Piper and Odelynne both have teased me for speaking too much about business. Perhaps I do. I am ever consumed by thoughts of boot-straps: having no capital, no name of renown, and no clients, I cannot see anything before me but an endless circle of needs. I can sell my wares, if I can but make some that are ready for immediate sale, or which can be used to demonstrate my talent; but for that, I must perforce have tools and materials, and for that, I need coin to purchase them, and for that, I need to have sold my wares. Talking up my trade to find those first commissions, which earn just enough praise to sow the seeds of further commissions, and just enough coin to buy my first tools, which lead to my next commission, which earns enough for more tools, and eventually materials, and eventually renown, seems the only boot-strap by which I can pull myself up. But clearly there is such a thing as too much.

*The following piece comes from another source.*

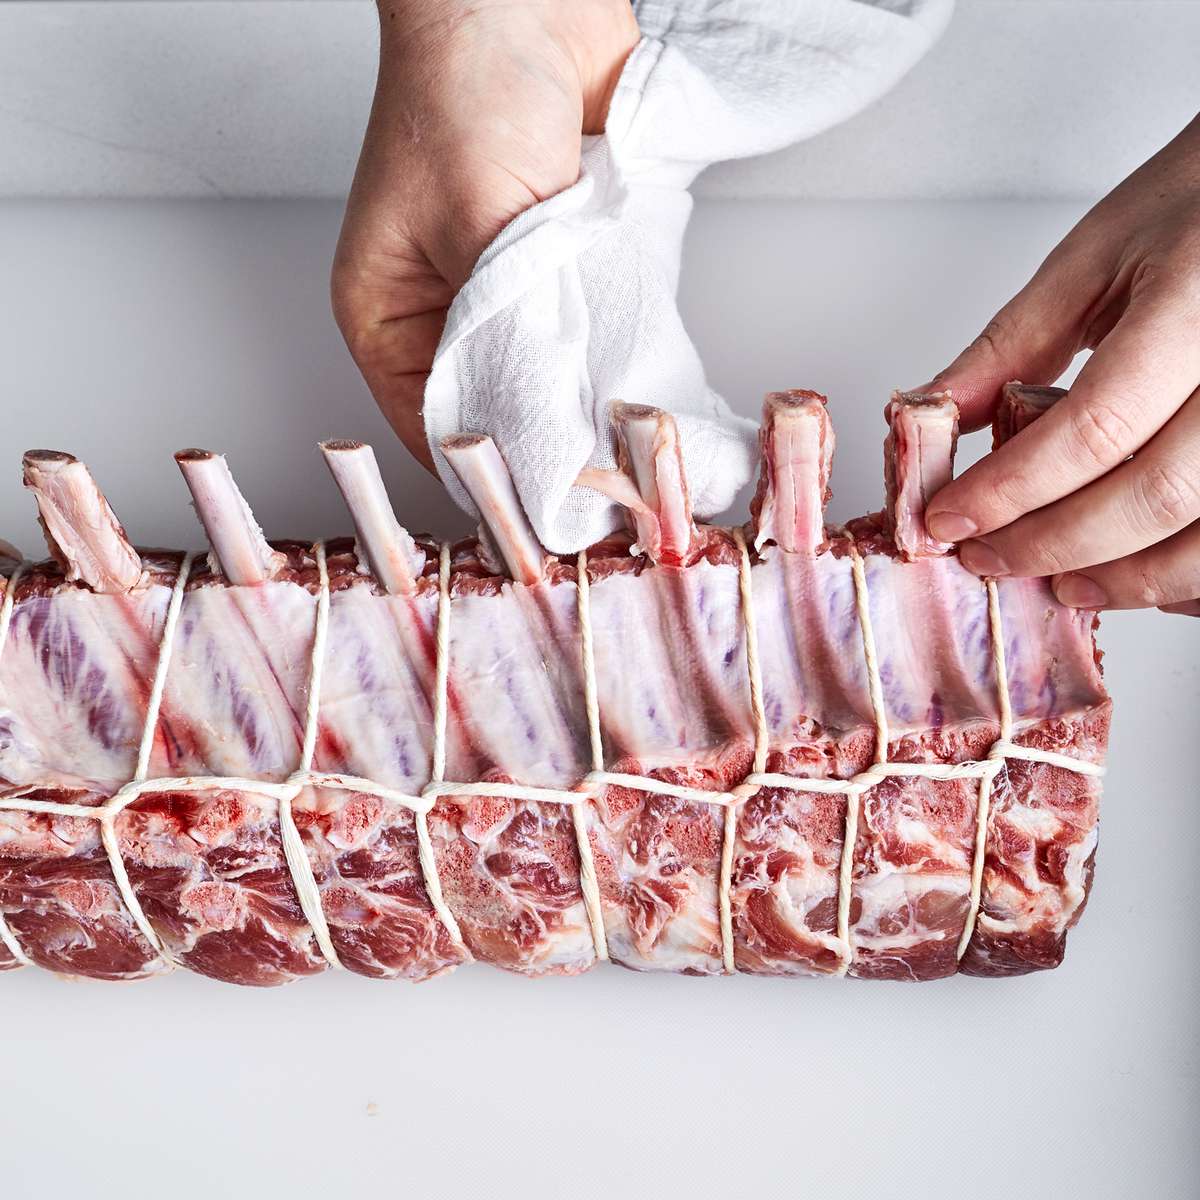 How To Bone-In Roast Pork Loin

I had thought that, by speaking with the lovely Odelynne only of dance, and art, and merriment, and the pleasure of good company, I was taking a step in the correct direction. But, despite that we did not so much as take a step outside together, or touch hands beyond that tiny amount of one dance, Arthur somehow takes it as me being a 'cad', and speaks ill of me in public. Easy for him. His name is so beyond reproach that it can survive even his own repeated mockeries to it, through his boorish, unseemly, petulant, and decidedly ungentlemanly behavior. Where mine clings so precariously to the faintest whiff of respect that an ill-placed word can ruin it forever. Shall I then forswear the company of others entirely, to avoid any suggestion of impropriety? Or would that simply return me to the state of speaking too much of business?

Would that a man might prosper both in companionship and in trade based solely on his virtues, not on the whim of strangers who plumb not the weight of their words.